According to the nonprofit think tank, the trend is a consequence of China’s “no new coal overseas” policy, which provides a set of guidelines for greening the Belt and Road Initiative from China’s National Development and Reform Commission (NDRC).
In CRECA’s view, the newest NDRC Guidelines have the potential to stop 37 GW (32 plants) of overseas Chinese-backed coal projects in the pre-construction phase. There is also a recommendation that projects under construction proceed with “caution,” which should encourage the reexamination of 30 GW (36 plants) already under construction.
The guidelines also encourage upgrades to currently operating coal plants in line with “international green rules and standards,” which should encompass 17 GW (18 plants) of operating plants with Chinese equity. Overseas power plants have generally followed lax host country standards, emitting levels of pollution far higher than China’s domestic allowances.
The research group also points out that 19.2 GW (18 projects) remain in a grey area of the pledge and could still go ahead.
“Of these, 11.2 GW are projects that have secured financing and the necessary permits but have yet to enter into construction.

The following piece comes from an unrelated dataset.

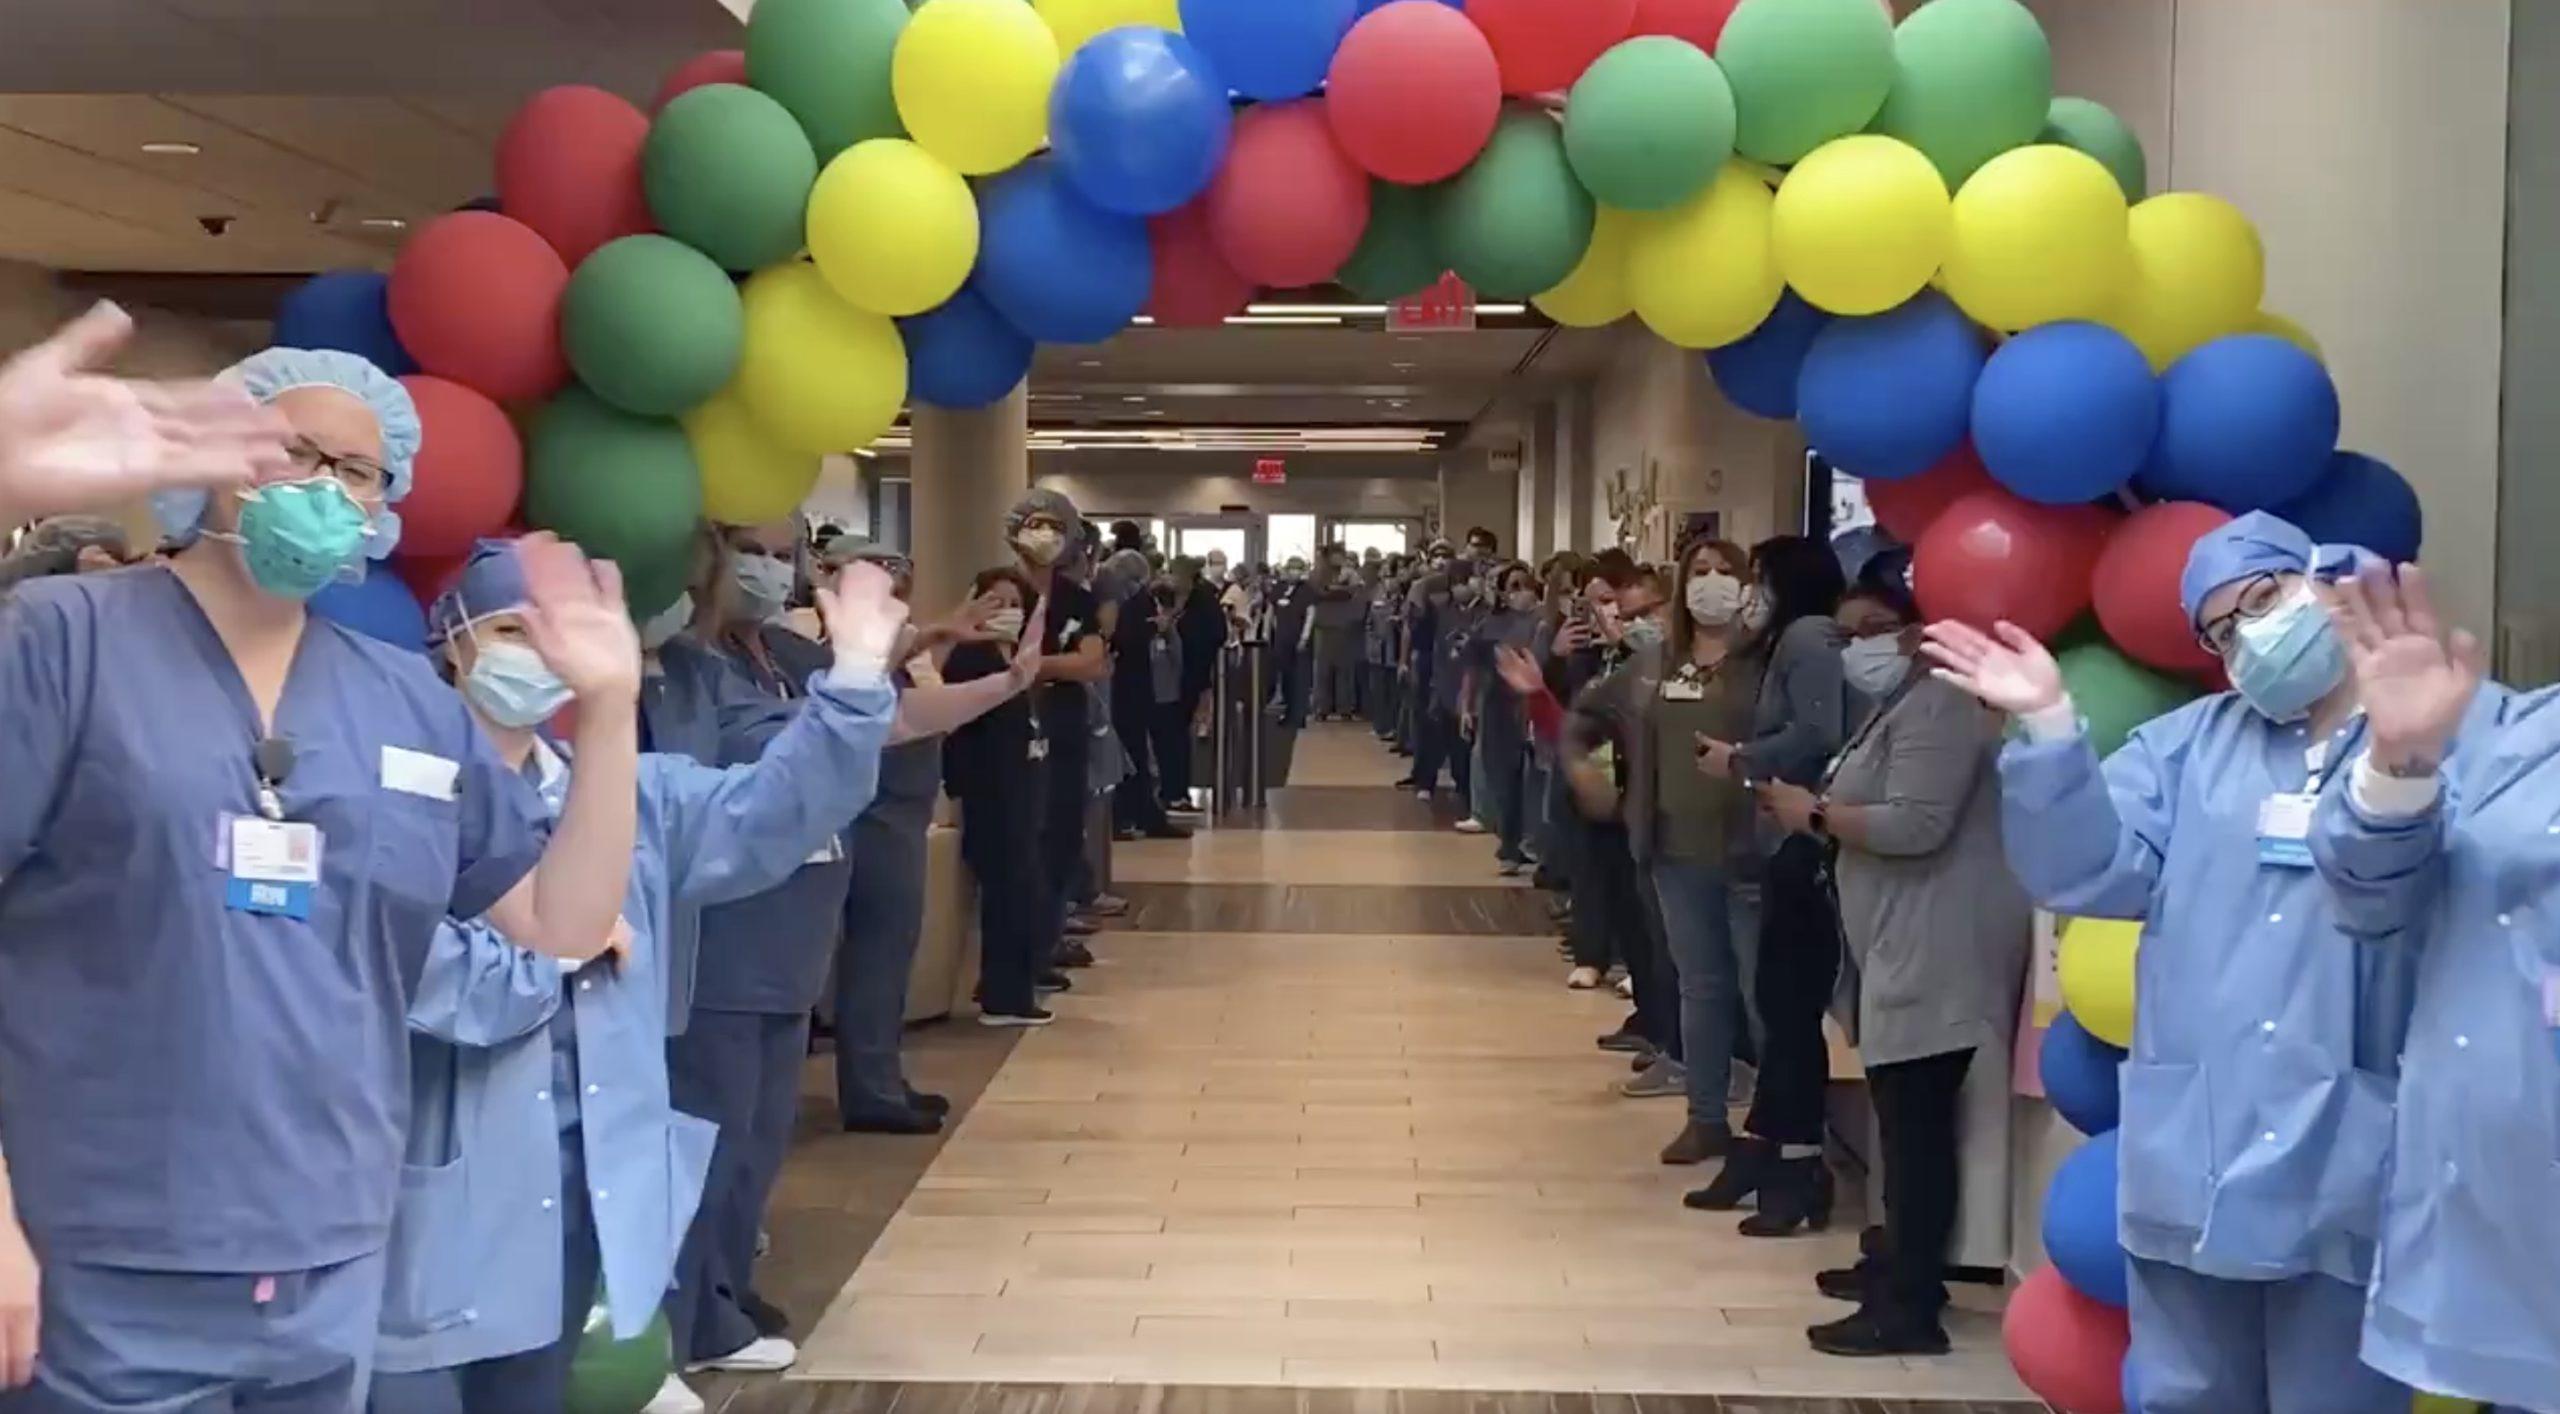 coronavirus patient released from hospital
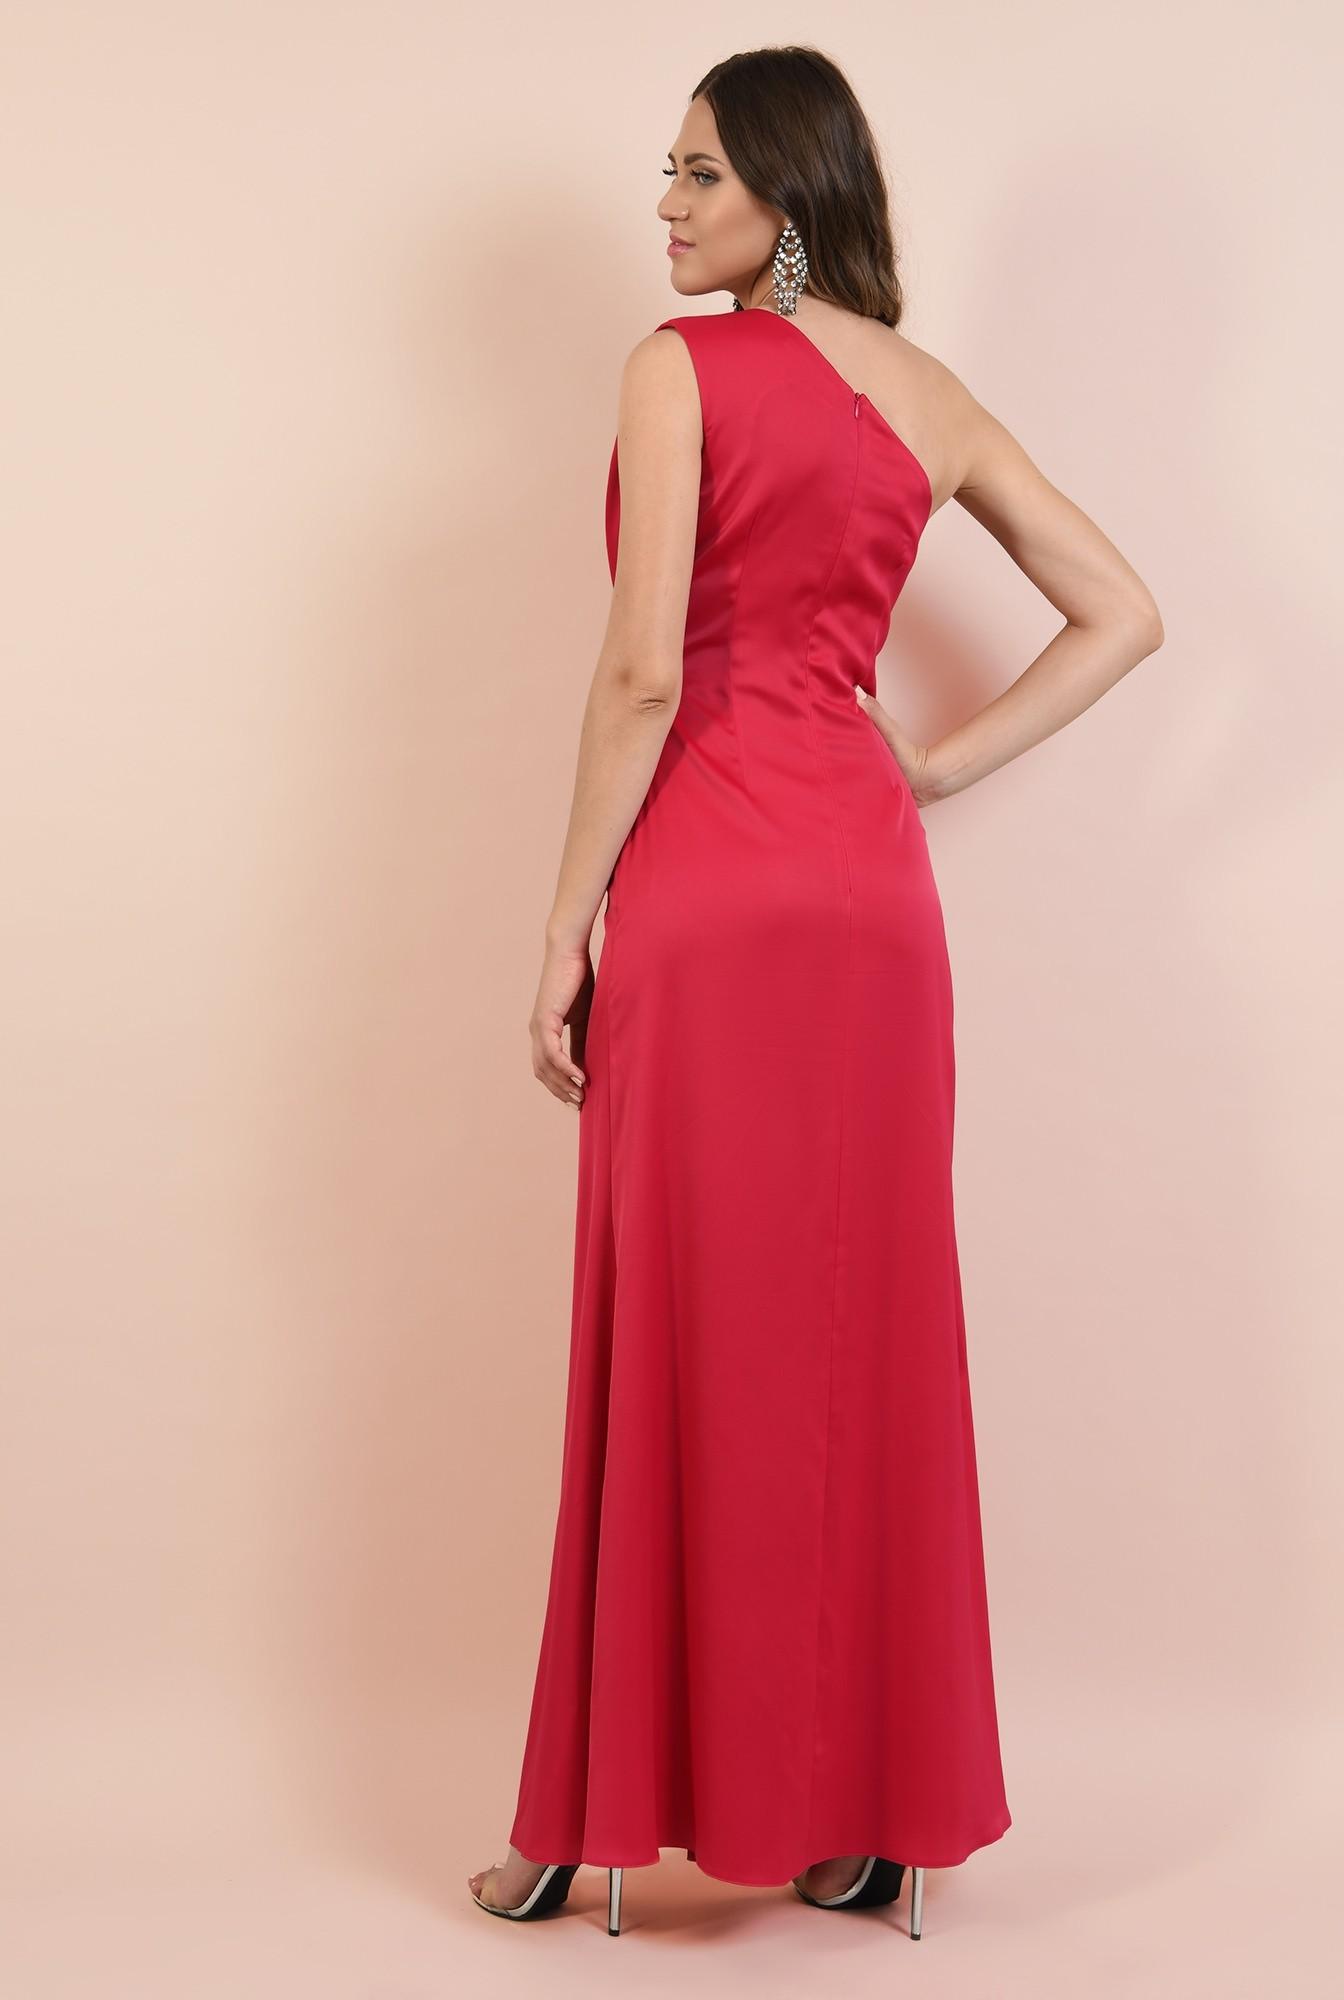 1 - rochie eleganta, lunga, cu slit adanc, cusatura in talie

Another 8 GW are proposed captive coal projects linked to Belt and Road Initiative (BRI) nickel and steel complexes in Indonesia and considered a government priority,” the report reads.
“Chinese firms were awarded equipment, procurement and construction contracts on two new captive power plants linked to BRI industrial complexes in Indonesia in 2022; this highlights a potential loophole, where EPCs on BRI industrial projects are treated as an exception.”
For the experts at the Centre for Research on Energy and Clean Air, transparency during implementation will be vital in assessing the depth of both China’s ambitions to promote green and sustainable developments and host countries’ commitment to transitioning their domestic power mix to net-zero by 2050.
“Key building blocks are already available for host countries and developers to smooth the renegotiation process and avoid developing sunken assets, especially given the increasing number of withdrawals from Chinese firms who once pledged support on planned coal projects,” the report states.
“Mechanisms such as early retirements and shifts to support overseas renewable energy will be necessary to meet country and global goals for a clean energy transition.”